The WINNER of the first Network Forensics Puzzle Contest is Kristinn Gudjonsson. Kristinn wrote two very elegant Perl tools: pcapcat and oftcat.

pcapcat # This script reads a PCAP file and prints out all the connections in the file and gives the user the option of dumping the content of the TCP stream

Kristinn’s pcapcat utility shows you a list of all the TCP streams in a packet capture, and also allows you to select any given stream and dump out the contents of the stream. It also supports the use of BPF filters with the -f flag so that you can narrow your search to specific streams. It’s a small, sharp tool that’s easy to use.
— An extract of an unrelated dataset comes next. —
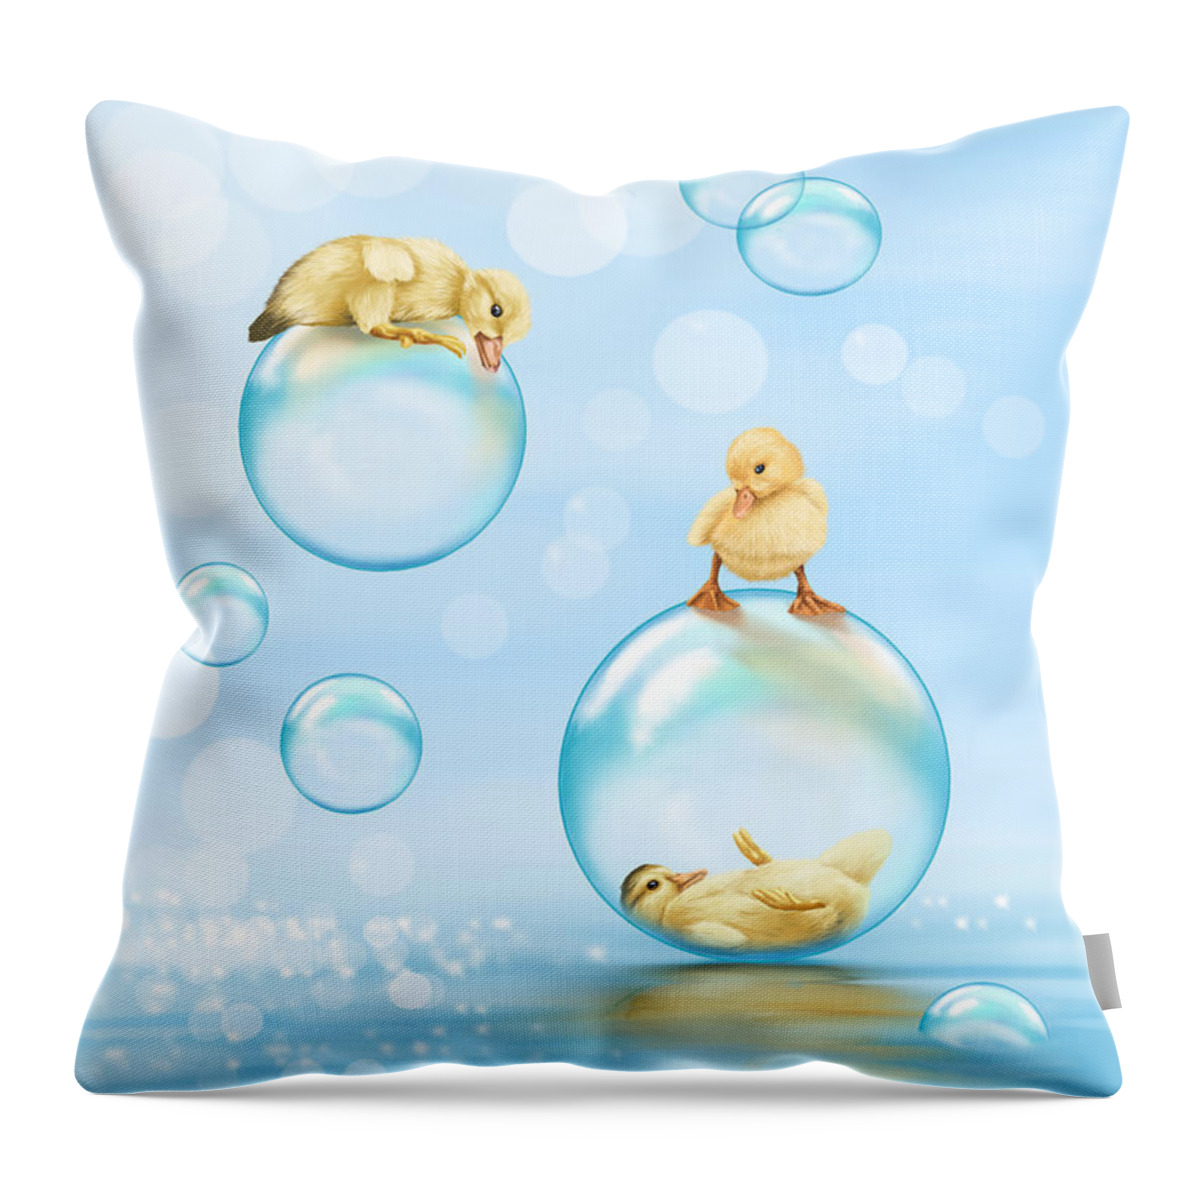 Ipad Throw Pillow featuring the painting Water games by Veronica Minozzi

oftcat # This script reads an OFT package, which is a package created by AIM when sending files over the network (using the oscar file transfer protocol). The script reads the packet, prints out some information about it and saves the captured file

Kristinn’s “oftcat” utility is smart enough to figure out the file name based on the OFT protocol and carve out the files transferred. It totally scales, and we especially appreciated his attention to protocol detail.

Here’s Kristinn’s solution writeup and a nice post on his blog where he adds some more detail.

Answers

1. What is the name of Ann’s IM buddy?
sec558user1

2. What was the first comment in the captured IM conversation?
Here’s the secret recipe… I just downloaded it from the file server. Just copy to a thumb drive and you’re good to go >:-)
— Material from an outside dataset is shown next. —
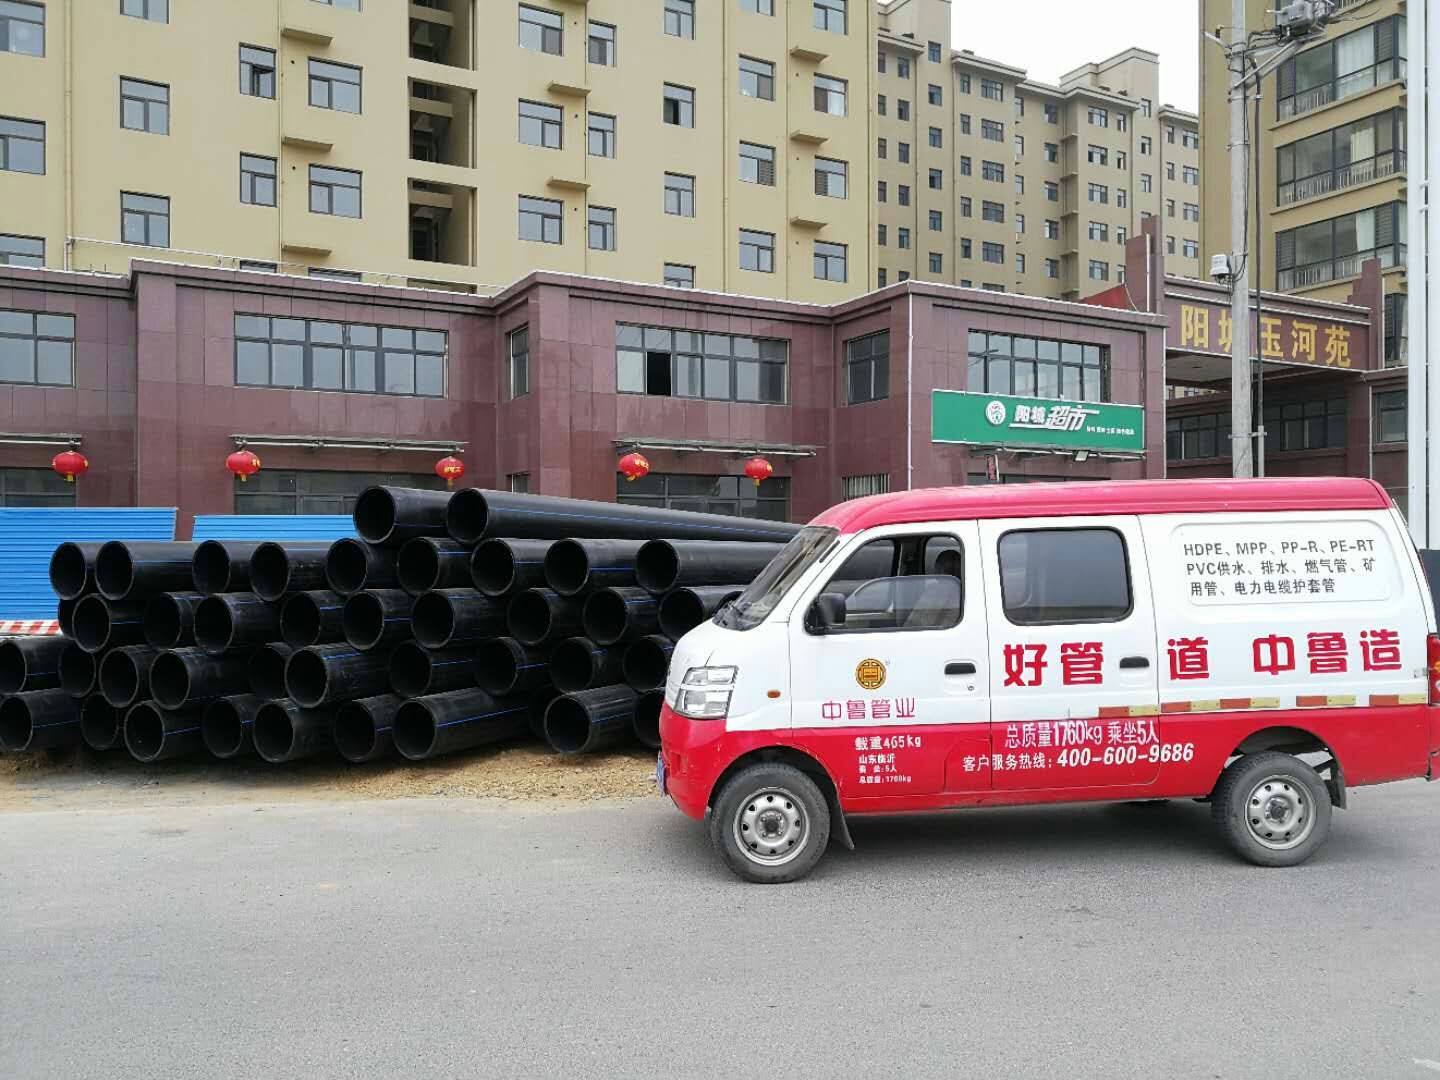 Site construction site in Jining

3. What is the name of the file Ann transferred?
recipe.docx

4. What is the magic number of the file you want to extract (first four bytes)?
0x504B0304 (Note: one byte = 8 bits = 2 hex digits!)

5. What was the MD5sum of the file?
8350582774e1d4dbe1d61d64c89e0ea1

6. What is the secret recipe?
Recipe for Disaster:
1 serving
Ingredients:
4 cups sugar
2 cups water
In a medium saucepan, bring the water to a boil. Add sugar. Stir gently over low heat until sugar is fully dissolved. Remove the saucepan from heat. Allow to cool completely. Pour into gas tank. Repeat as necessary.

Puzzle #1: Ann’s Bad AIM

Anarchy-R-Us, Inc. suspects that one of their employees, Ann Dercover, is really a secret agent working for their competitor. Ann has access to the company’s prize asset, the secret recipe. Security staff are worried that Ann may try to leak the company’s secret recipe.

Security staff have been monitoring Ann’s activity for some time, but haven’t found anything suspicious– until now. Today an unexpected laptop briefly appeared on the company wireless network. Staff hypothesize it may have been someone in the parking lot, because no strangers were seen in the building. Ann’s computer, (192.168.1.158) sent IMs over the wireless network to this computer. The rogue laptop disappeared shortly thereafter.

“We have a packet capture of the activity,” said security staff, “but we can’t figure out what’s going on. Can you help?”

You are the forensic investigator. Your mission is to figure out who Ann was IM-ing, what she sent, and recover evidence including:

1. What is the name of Ann’s IM buddy?
2. What was the first comment in the captured IM conversation?
3. What is the name of the file Ann transferred?
4. What is the magic number of the file you want to extract (first four bytes)?
5. What was the MD5sum of the file?
6. What is the secret recipe?

Here is your evidence file:

http://forensicscontest.com/contest01/evidence01.pcap
MD5 (evidence.pcap) = d187d77e18c84f6d72f5845edca833f5

The MOST ELEGANT solution wins. In the event of a tie, the entry submitted first will receive the prize. Scripting is always encouraged. All responses should be submitted as plain text files.

Exceptional solutions may be incorporated into the SANS Network Forensics Toolkit. Authors agree that their code submissions will be freely published under the GPL license, in order to further the state of network forensics knowledge. Exceptional submissions may also be used as examples and tools in the Network Forensics class. All authors will receive full credit for their work.

Email submissions to [email protected]. Deadline is 9/10/09. Good luck!!